◆ **WHAT THE TASK REQUIRES**: There is one span to output from the data below: the lines starting at the line with "3 Shield-A-Spark Pump (Diesel Engine)" and ending at the line with "Martin Custom Shop". Output it exactly, ends included, nothing more.

◆ **RECORDED INFORMATION**:
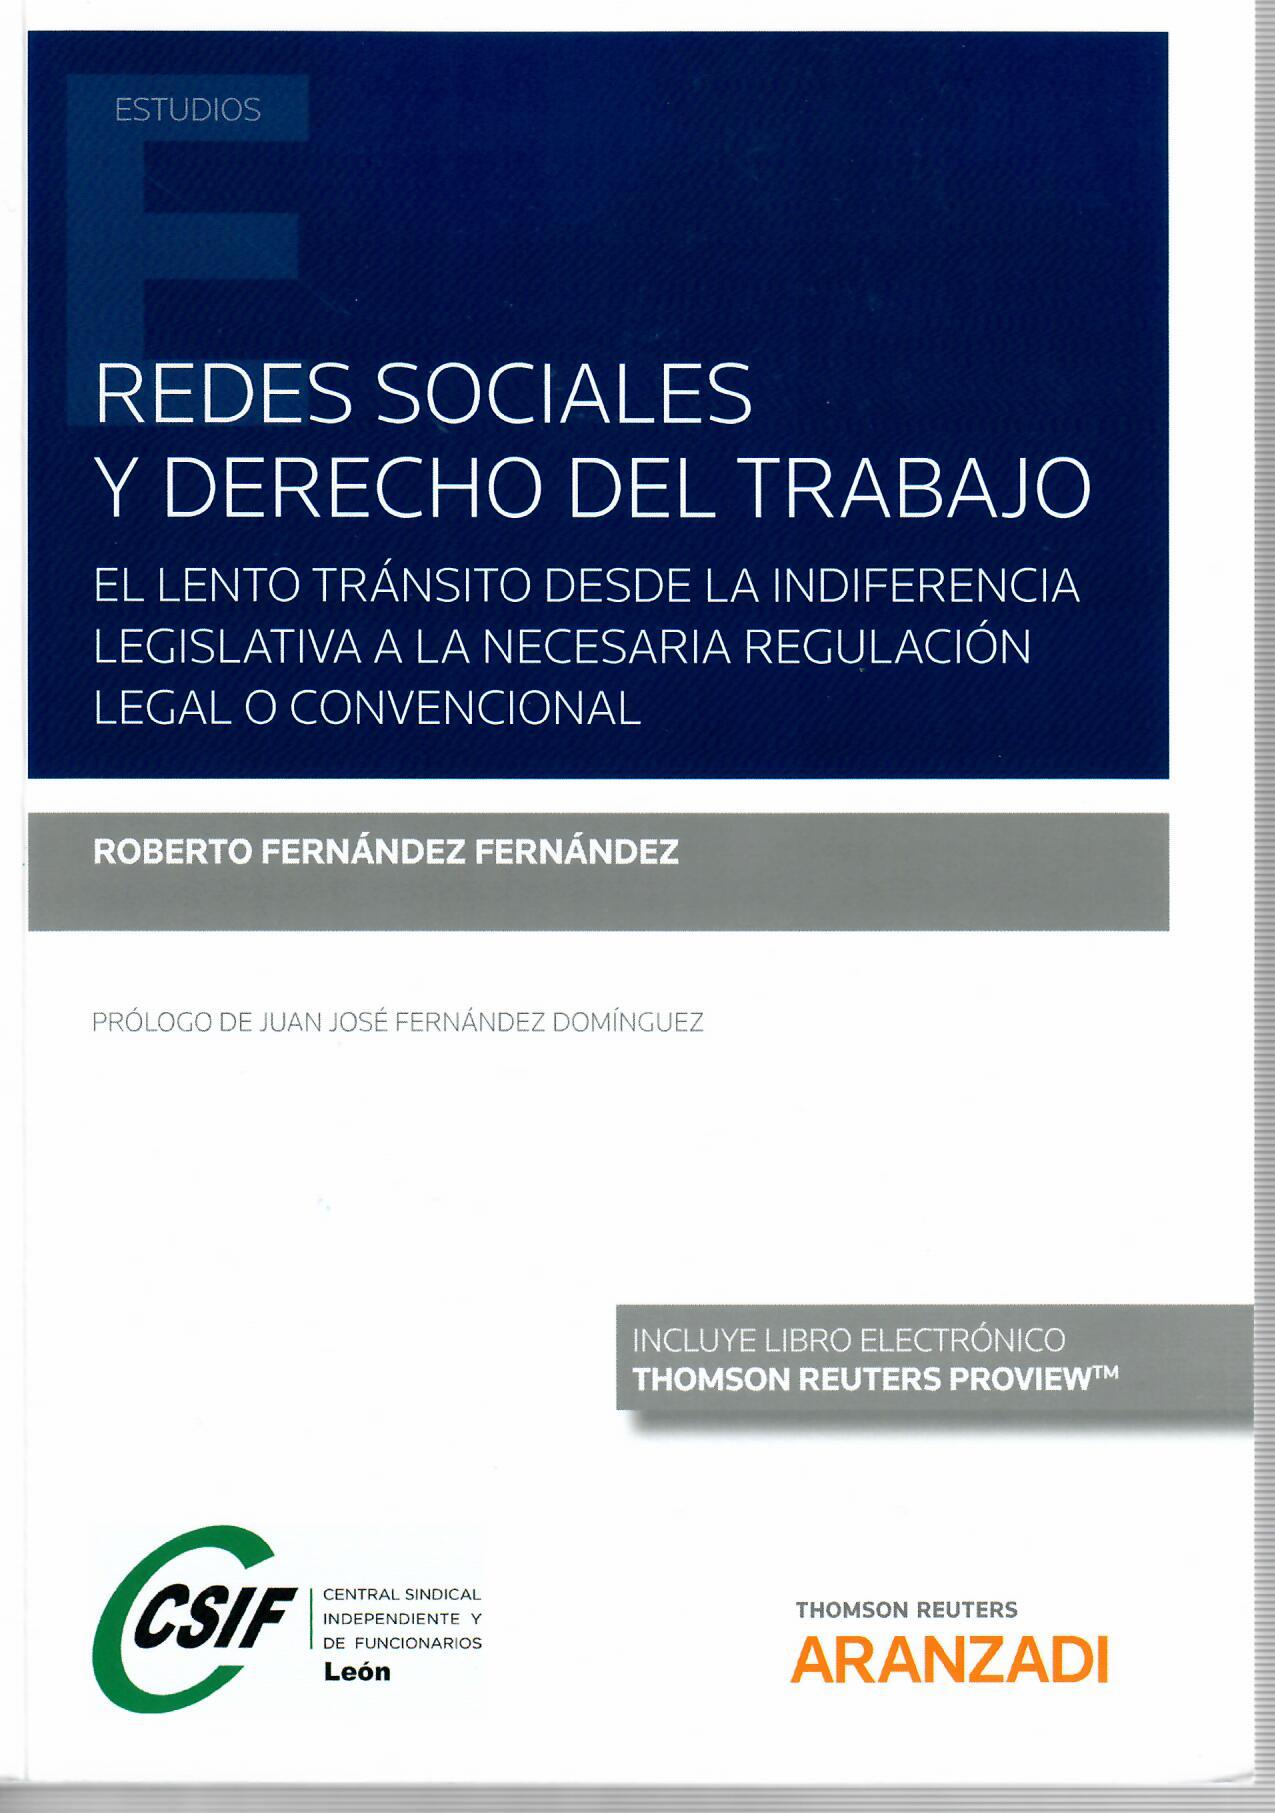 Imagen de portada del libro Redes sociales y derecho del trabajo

--

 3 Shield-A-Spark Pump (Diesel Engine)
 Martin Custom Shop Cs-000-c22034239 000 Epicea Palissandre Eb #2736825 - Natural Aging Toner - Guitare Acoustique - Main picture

* * *

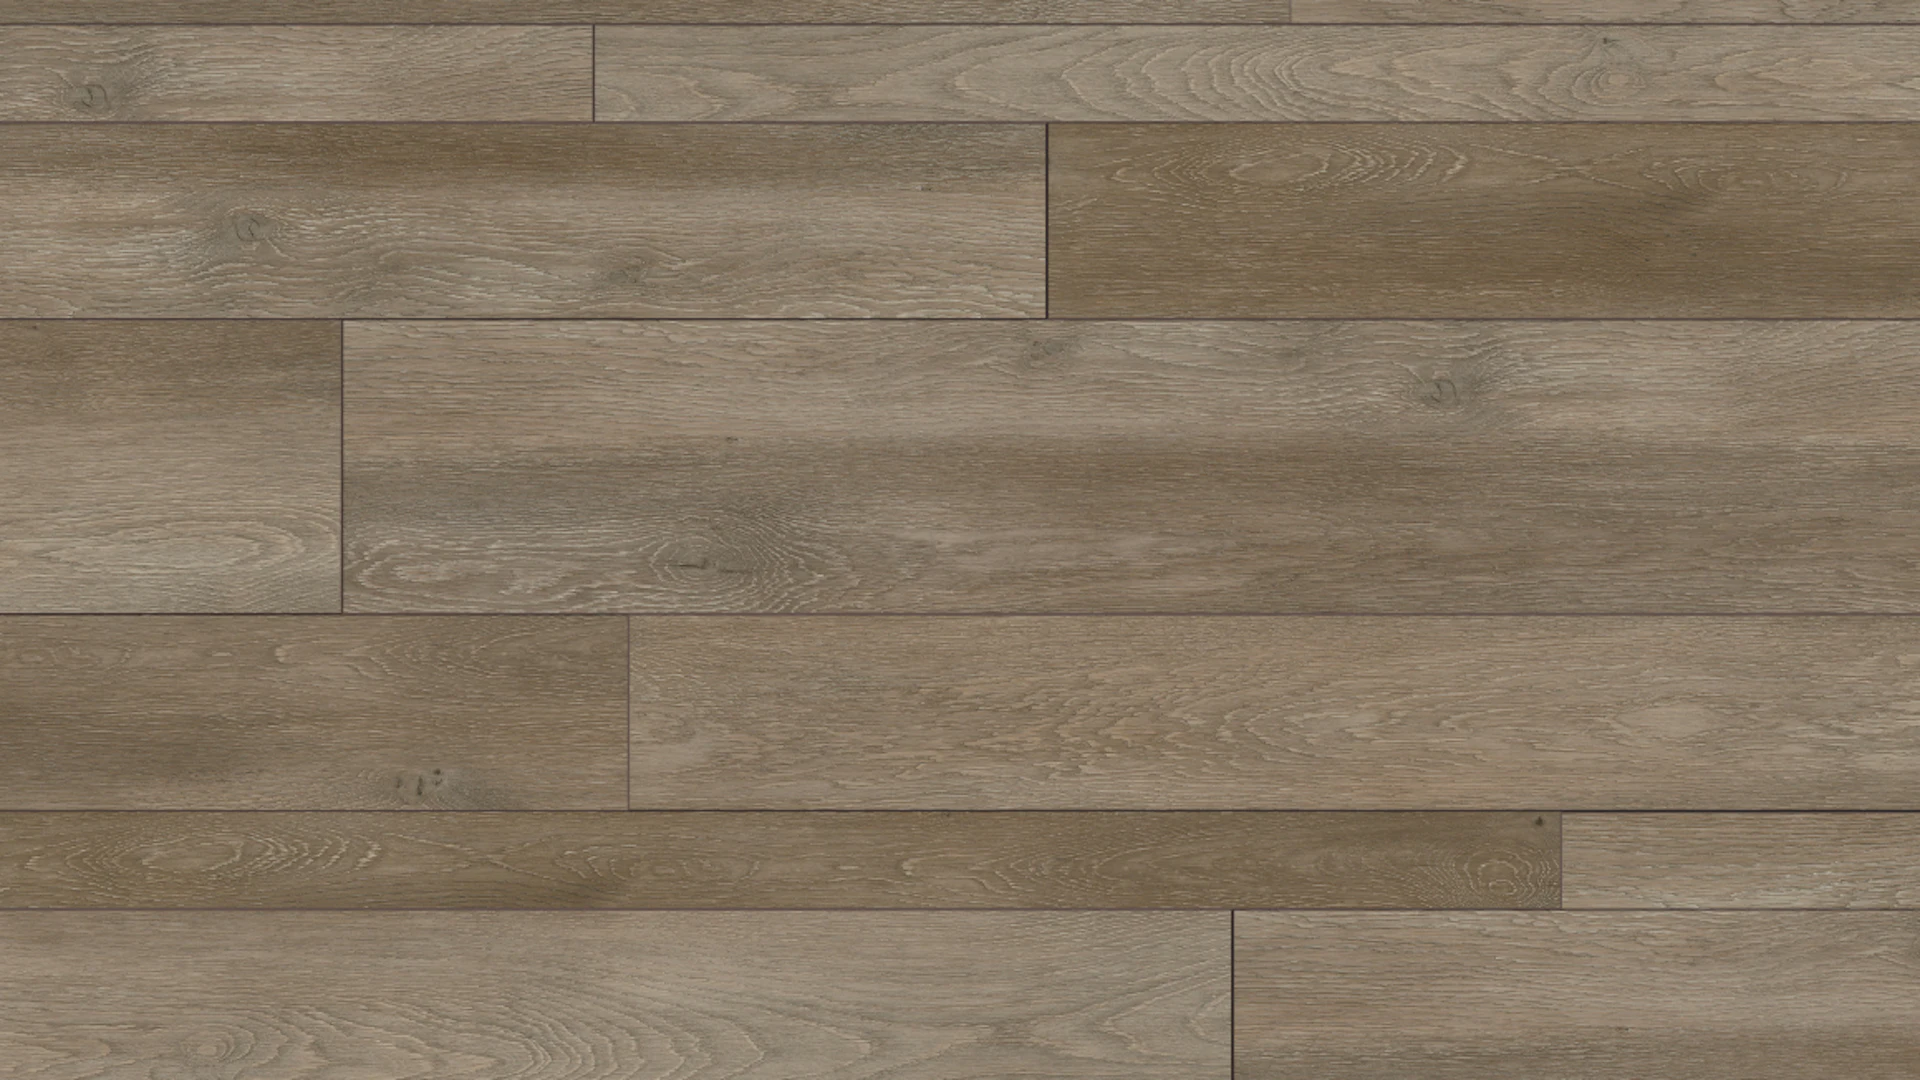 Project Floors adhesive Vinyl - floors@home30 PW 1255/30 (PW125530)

◆ **EXERCISE RESPONSE**:
 3 Shield-A-Spark Pump (Diesel Engine)
 Martin Custom Shop Cs-000-c22034239 000 Epicea Palissandre Eb #2736825 - Natural Aging Toner - Guitare Acoustique - Main picture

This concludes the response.